- Cover of Ojisan to Marshmallow volume 1

おじさんとマシュマロ (Ojisan to Mashumaro)
- Genre: Romantic comedy
- Written by: Rekomaru Otoi
- Published by: Ichijinsha
- Original run: 2014 – present
- Volumes: 6
- Directed by: Hisayoshi Hirasawa Tokihiro Sasaki
- Written by: Atsushi Oka
- Music by: Shusei
- Studio: Creators in Pack
- Original network: TV Saitama, KBS Kyoto, Sun TV, AT-X
- Original run: January 7, 2016 – March 25, 2016
- Episodes: 12 + 1 Special

= Ojisan and Marshmallow =

Japanese manga series

Ojisan and Marshmallow (おじさんとマシュマロ, Ojisan to Mashumaro) is a Japanese comedy manga series by Rekomaru Otoi, serialized online via the online community Pixiv, where it has received over 20 million views. It was later acquired by Ichijinsha and six tankōbon volumes have been published since 2014. A 12-episode anime television series adaptation by Creators in Pack aired between January 7 and March 25, 2016.

==Plot==
Habahiro Hige is a man in his late thirties who works at a web-related company. He loves Tabekko marshmallows, and his co-worker, Iori Wakabayashi, often teases him about it, by eating them in front of him and buying all of his favourite type from the convenience store. Though her friends do not see what Iori likes about Habahiro, she is actually aiming to be in a romantic relationship with him, and often tries to get his attention, commenting that she likes his marshmallow-like, chubby frame, with Habahiro often unaware of what she is trying to do.

==Characters==
- Habahiro Hige (日下 幅広, Hige Habahiro)

A chubby salary man in his late thirties who works in a web related company, he is obsessed with Tabekko marshmallows, to the point that he himself would (at times) hypnotically get drawn in just by the scent of it, which both Iori and MIO5 used to lure and seduce him in order to win his affection. His name "Hige" literally means facial hair which both describes to either "Beard" or Mustache in Japanese
- Iori Wakabayashi (若林 伊織, Wakabayashi Iori)

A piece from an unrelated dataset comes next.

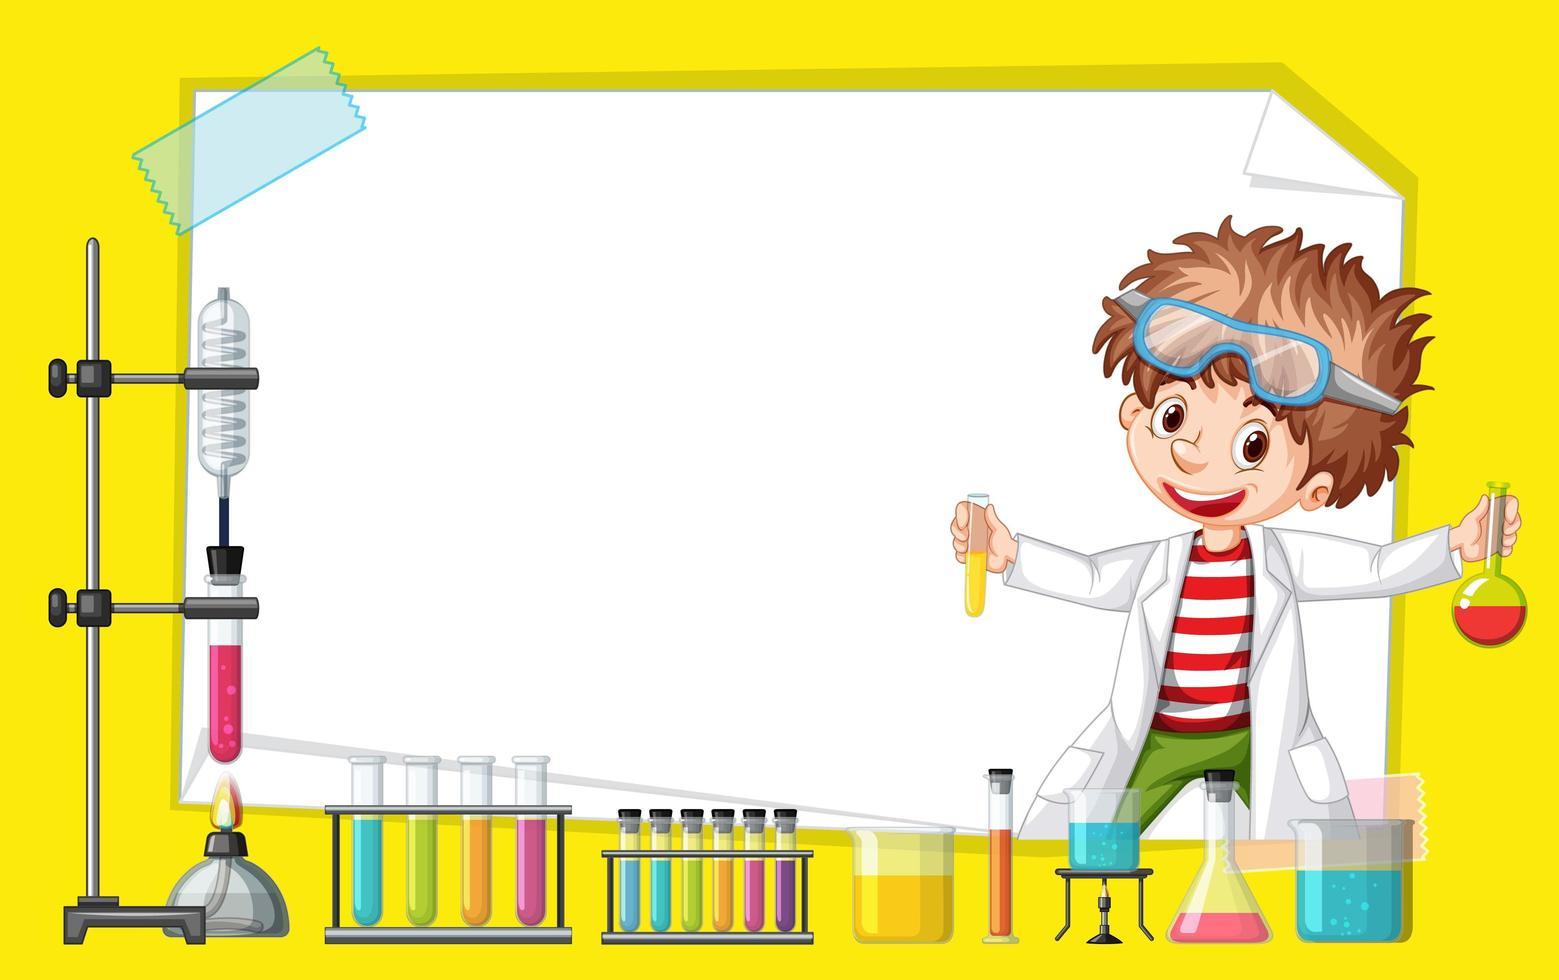 diseño de plantilla de marco con niño en laboratorio de ciencias vector

Hige's co-worker, who is in love with him, she often uses Hige's one-track, marshmallow-obsessed mind to win his affection but often finds her efforts stymied.
- MIO5 (みおこ, Nijimori Mioko)

She is a bodacious girl whom Hige accidentally saved from a sex pervert who was groping her while in the train where she later fell head over heels for him. She also works in the same company as Hige as an illustrator. Though she competes with Iori for Hige's affection, she manages to confess her feelings for him, but was turned down because she is already in a relationship with the company president. Despite being thirty years of age, she still passes herself as twenty five in her social media account. She is also an active cosplayer.
- Isamu Wakabayashi (若林 勇, Wakabayashi Isamu)

He is Iori's younger brother who seemly has a bit of a sister complex towards her. Though a lady's man, he is actually a virgin.
- Mukai (向井)

She is Iori's co worker who is very much a foodie.
- Machida (町田)

She is Iori's co-worker who always likes to drink after office hours, she is often pressured by her mother to find a man and get married.
- Senior at the Genkitadou Marshmallow Factory (マシュマロ工場の先輩, Mashumaro Kōjō no Senpai)

- Junior at the Genkitadou Marshmallow Factory (マシュマロ工場の後輩, Mashumaro Kōjō no Kōhai)

- Manager (課長, Kacho)

==Anime==
The anime adaptation of Ojisan to Marshmallow aired as three-minute-long anime shorts from January 8, 2016, to March 25, 2016.